I <3 Steve McConnell*
Coding Horror
programming and human factors
by Jeff Atwood

March 8, 2005

On Managed Code Performance

My personal turning point on the importance of managed code was in September 2001, when the NIMDA worm absolutely crushed our organization. It felt like a natural disaster without the "natural" part-- the first notable port 80 IIS buffer overrun exploit. We got literally zero work done that day, and the next day wasn't much better. After surveying the carnage first hand, I immediately saw the benefit of languages where buffer overruns weren't even possible.

Managed code, of course, isn't free. All that bit-twiddling was there for a reason-- to squeeze every last iota of performance out of your 386 and 486. Trading some of that performance for security makes more sense in the era of 1ghz Pentium chips, of course-- but how much performance are we really giving up? One of the more interesting examples of managed code performance is Vertigo Software's port of Quake II to .NET:

How is the performance of the managed version of Quake II? Initially, the managed version was faster than the native version when the default processor optimization setting /G5 (Pentium) was used. Changing the optimization setting to /G7 (Pentium 4 and Above) created a native version that runs around 15% faster then the managed version. Note that assembly code was disabled for the native and managed versions, so both versions are slower than the original version of Quake 2.

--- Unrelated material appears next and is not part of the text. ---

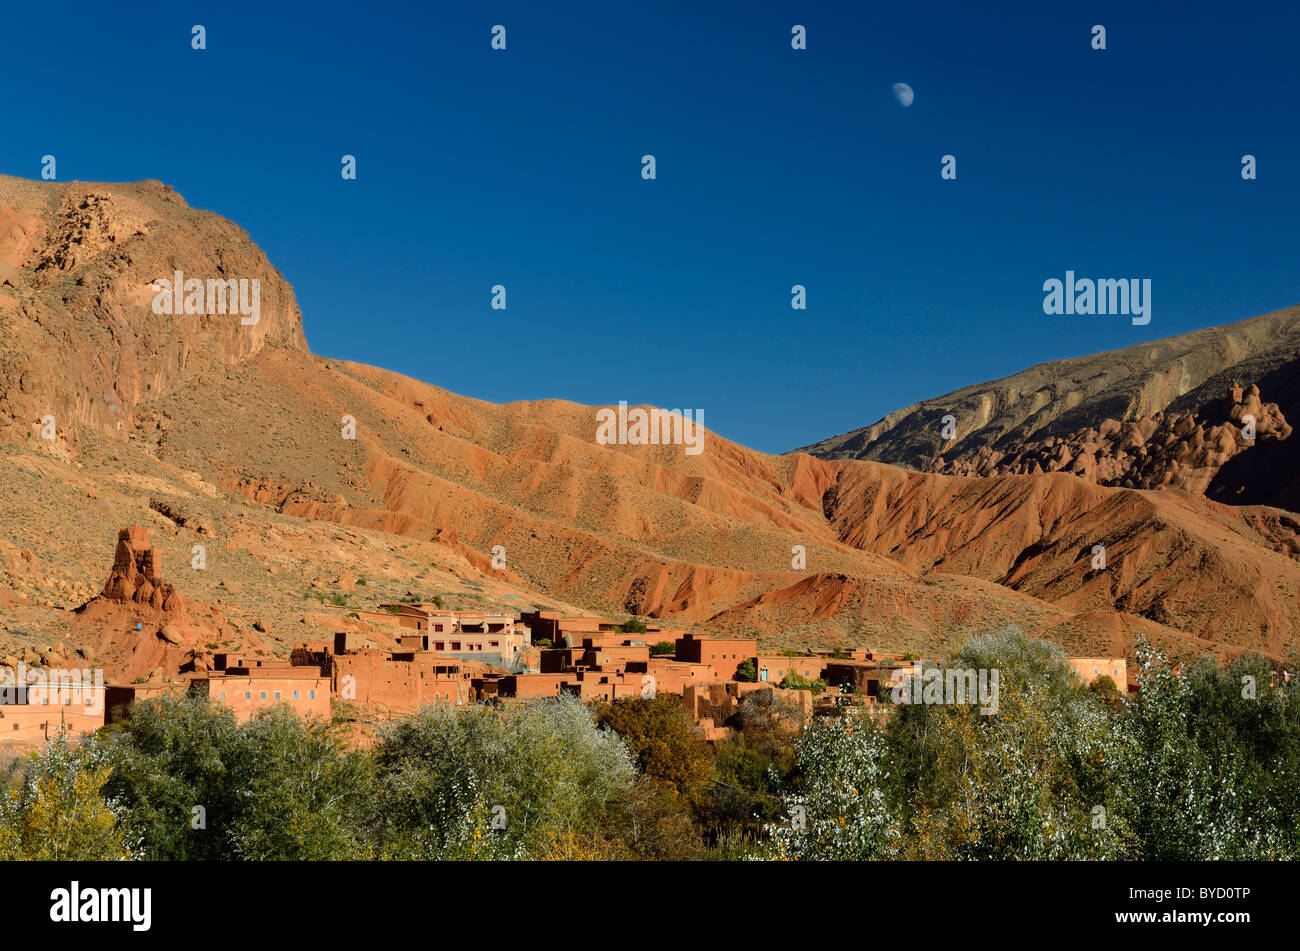 Der Mond im blauen Himmel über die rote Erde und die Felsformationen in der Dades-schlucht Marokko Stockfoto

David Notario, who works in Microsoft's CLR JIT compiler group, with a little demo scene coding on the side, posted this interesting message with more detail on the performance of Managed Quake II:

  • This version doesn't use any 3D hardware acceleration at all, which is good. It's interesting to see the performance of the .NET platform isolated from the performace of the graphics card. In apps/demos/games that use 3D acceleration, expect the difference between managed and unmanaged code to be even smaller, as the bottleneck of rendering is the 3D card, not the CPU.
  • With this benchmark, you are measuring the quality of the codegen. The managed version is just a recompile of the unmanaged version with the /clr option (which targets IL instead of x86). It's not taking into account GCs that happen in an app that does managed allocations, it's a pure JIT benchmark. This also means that it doesn't show some problems you may have doing realtime graphics with managed code if you're not careful, such as dropping frames due to periodic GCs.
  • On my P4, the managed Q2 timedemo runs at 63.2 fps, and the native Q2 timedemo runs at 72.8 fps, which means the managed code is performing at 85.6% the speed of native C++ code with VS.2003.
  • The original Q2 [and Quake 1] had optimized x86 assembly rasterizers. These were one of the fastest of their time, and they used cunning tricks such as explicitly paralellizing x86 and x87 instructions to achieve maximum speed. For example, the division for perspective correction for the next 8 pixel span was performed in parallel with the actual rendering of the current 8 pixel span, so perspective correction was almost 'free'. The C rasterizers this version uses don't have this property. To compare apples to apples, Vertigo Software compiled their native version with the C rasterizers -- ie, both versions are slower than the original Q2 demo shipped by Id Software. Just for kicks, I compared the managed version with the original assembly optimized version. The original version gave me 92.5 fps, which means our codegen is generating code with about 70% of the performance of the original hand optimized assembly. I personally think this is great-- especially considering that our codegen has quite a bit of room to improve.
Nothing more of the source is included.